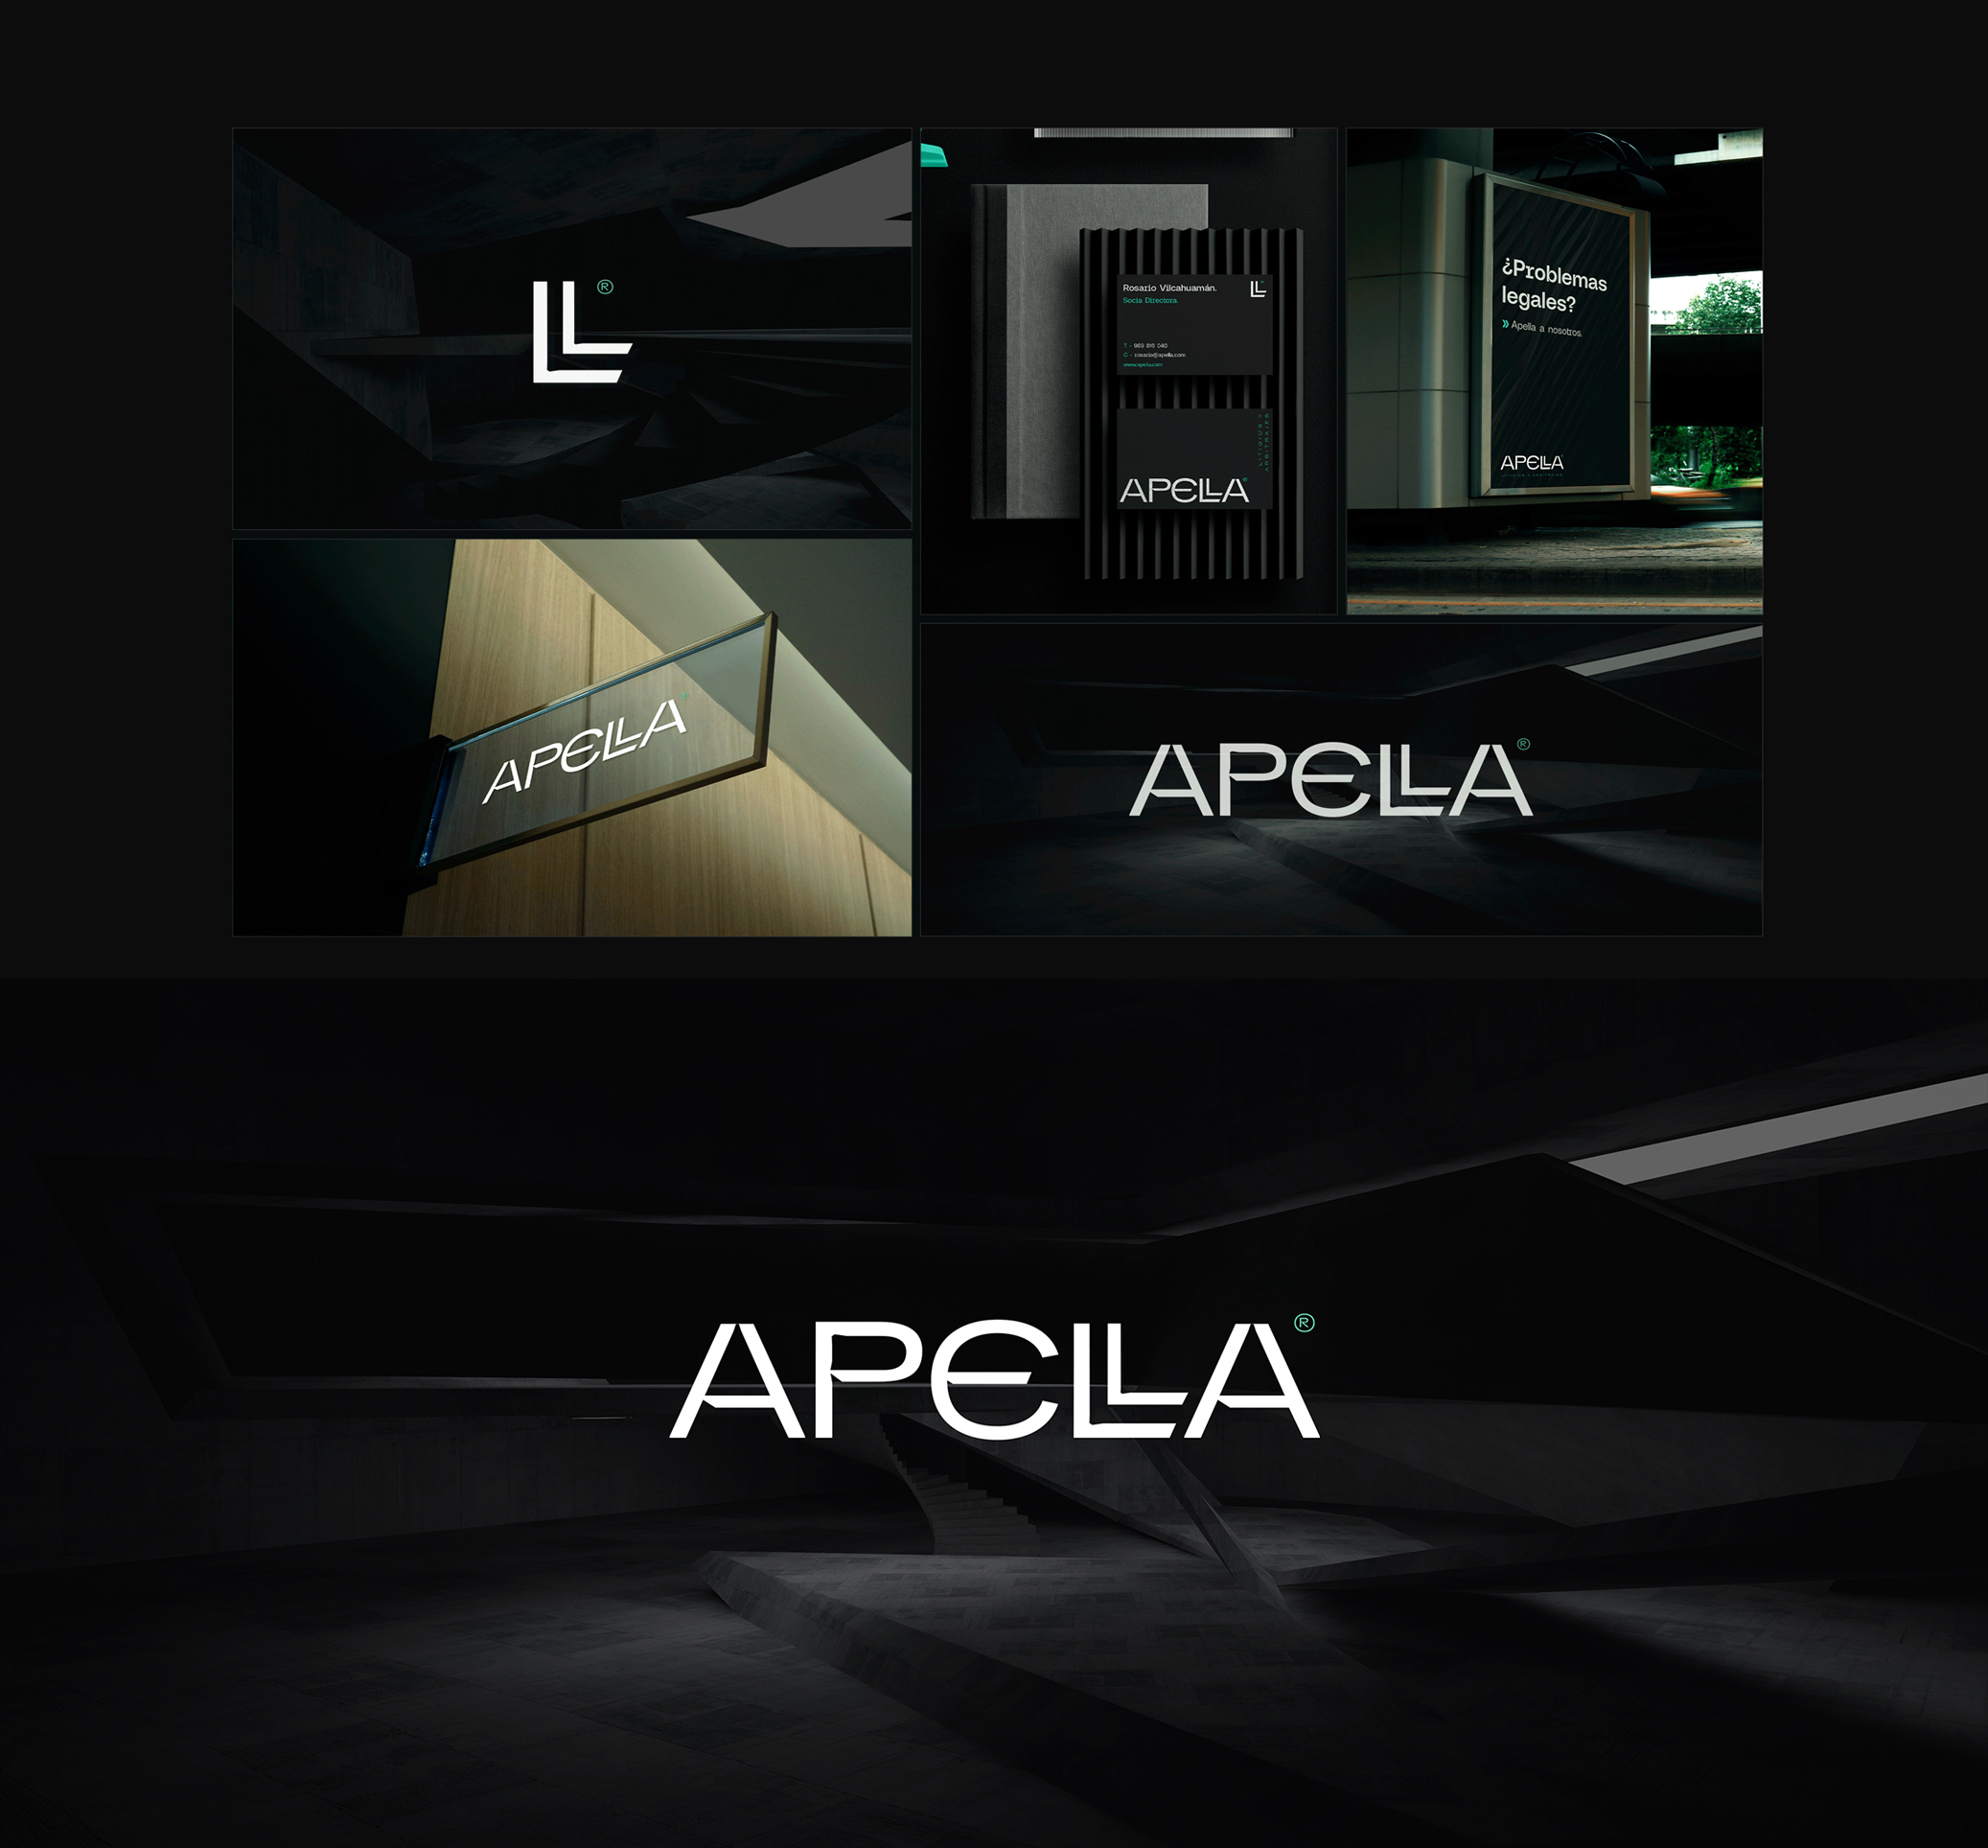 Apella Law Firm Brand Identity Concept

--

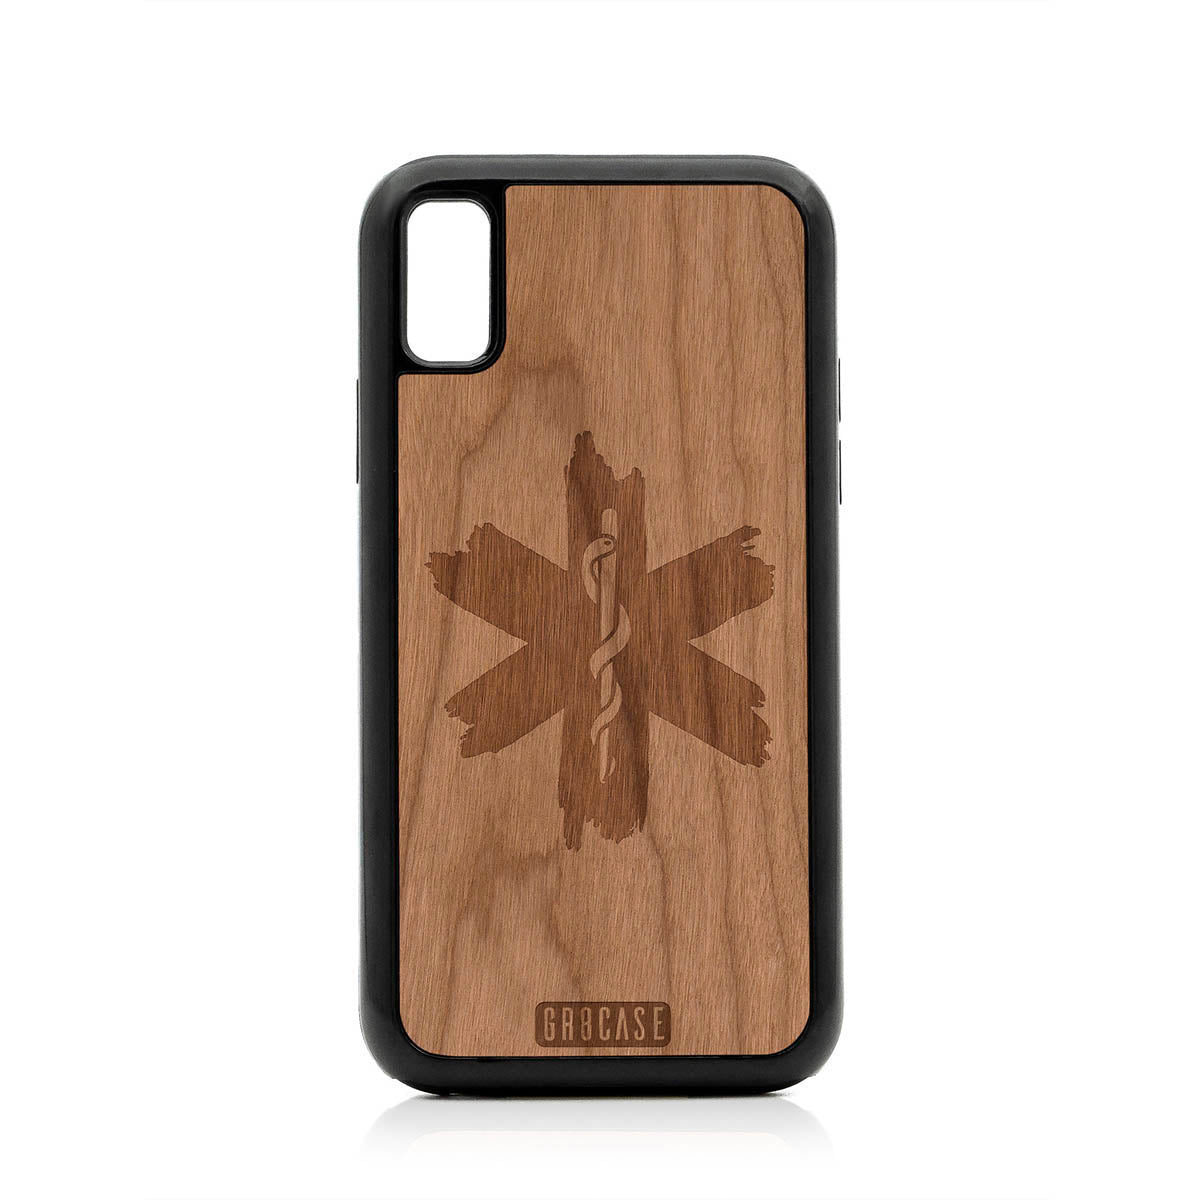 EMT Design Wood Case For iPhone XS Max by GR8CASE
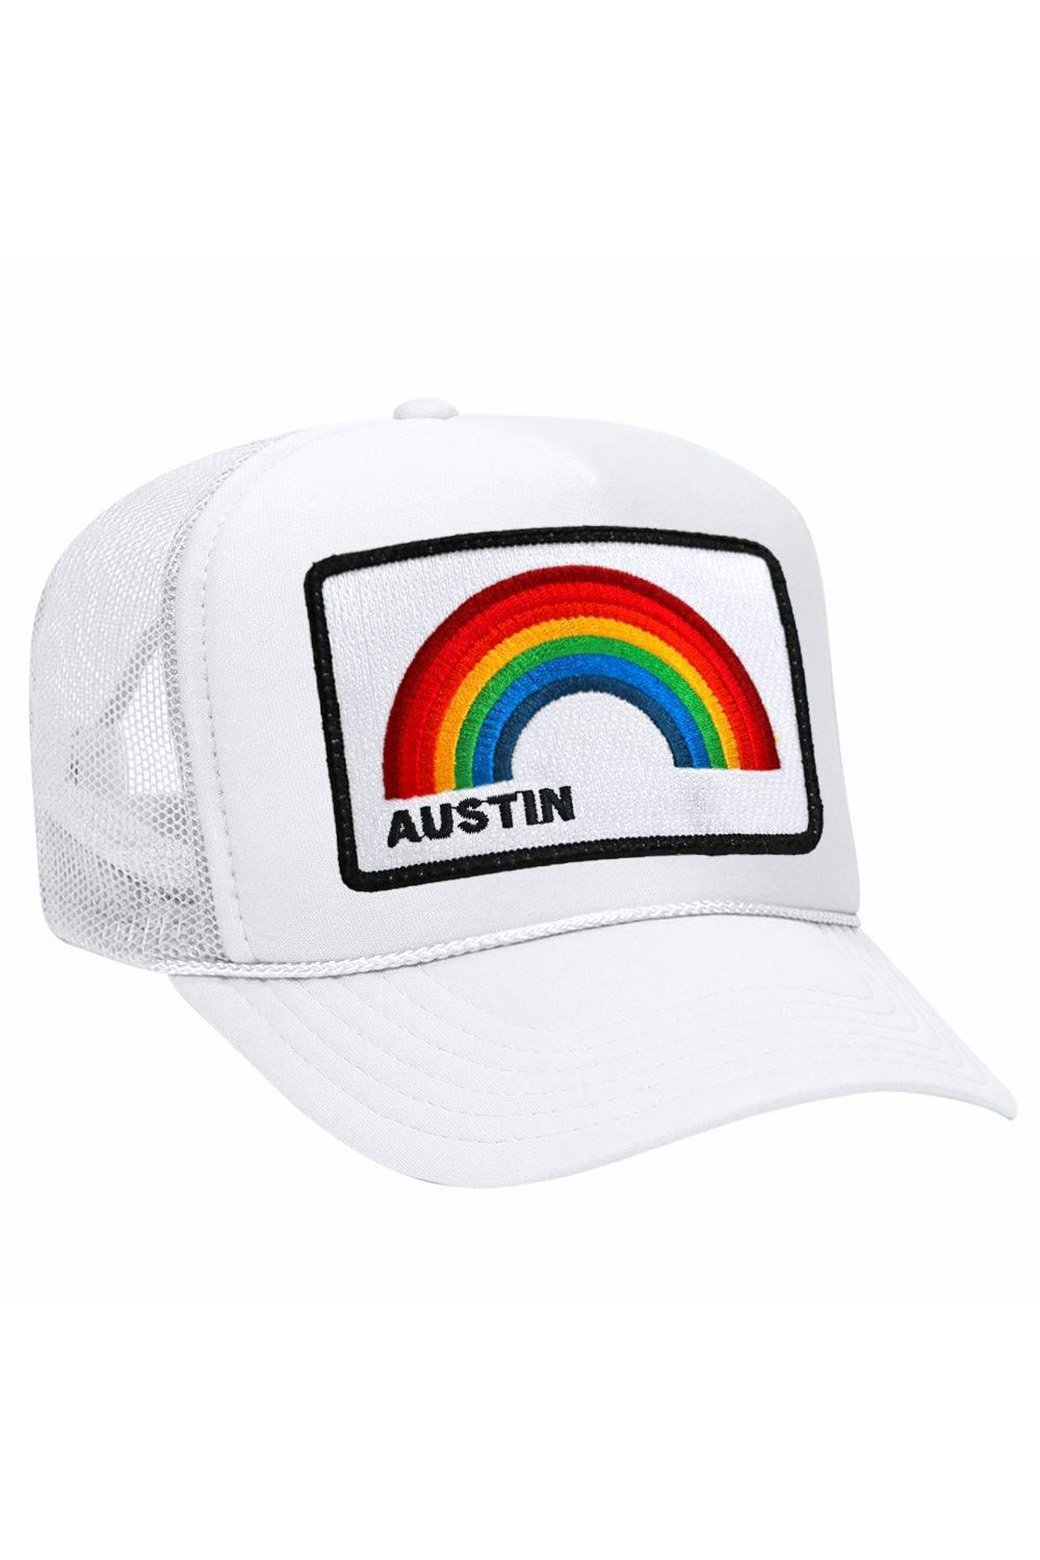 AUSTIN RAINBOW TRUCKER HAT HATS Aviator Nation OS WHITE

WHAT TO PRODUCE: From the data above, retype only the lines starting with the line with "EMT Design Wood" and going on through the line with "AUSTIN RAINBOW TRUCKER", exactly, leaving out the pictures.

YOUR RESPONSE:
 EMT Design Wood Case For iPhone XS Max by GR8CASE
 AUSTIN RAINBOW TRUCKER HAT HATS Aviator Nation OS WHITE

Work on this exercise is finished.